Records supplied:
··········

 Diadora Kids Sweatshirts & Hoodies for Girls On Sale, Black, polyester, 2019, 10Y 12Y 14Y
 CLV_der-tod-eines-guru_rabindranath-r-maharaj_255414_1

··········

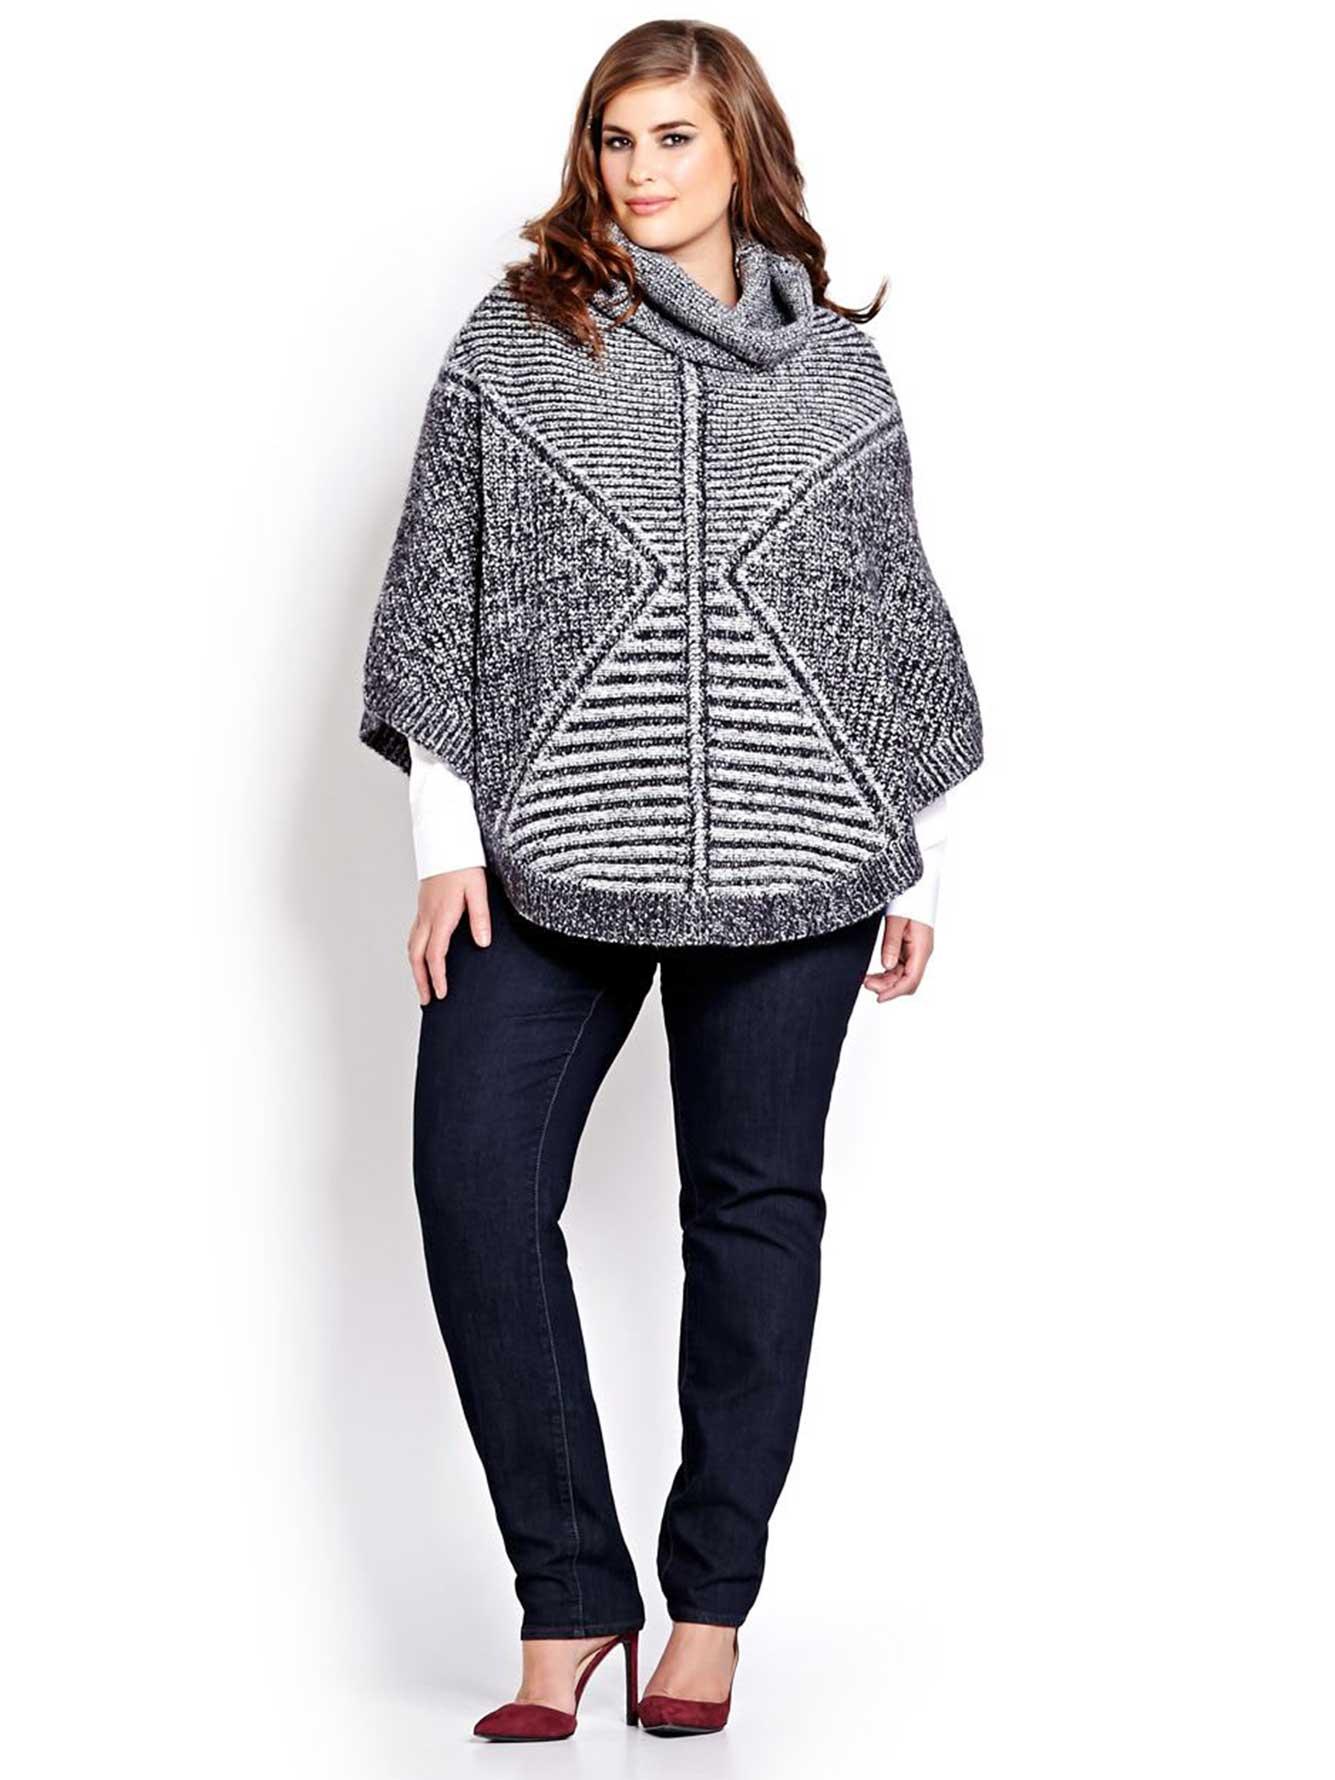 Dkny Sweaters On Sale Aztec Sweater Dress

··········

Among the records above, a stretch begins at the line containing "Diadora Kids Sweatshirts" and ends at the line containing "CLV_der-tod-eines-guru_rabindranath-r-maharaj_255414_1". Restate that stretch word for word, and nothing else.

 Diadora Kids Sweatshirts & Hoodies for Girls On Sale, Black, polyester, 2019, 10Y 12Y 14Y
 CLV_der-tod-eines-guru_rabindranath-r-maharaj_255414_1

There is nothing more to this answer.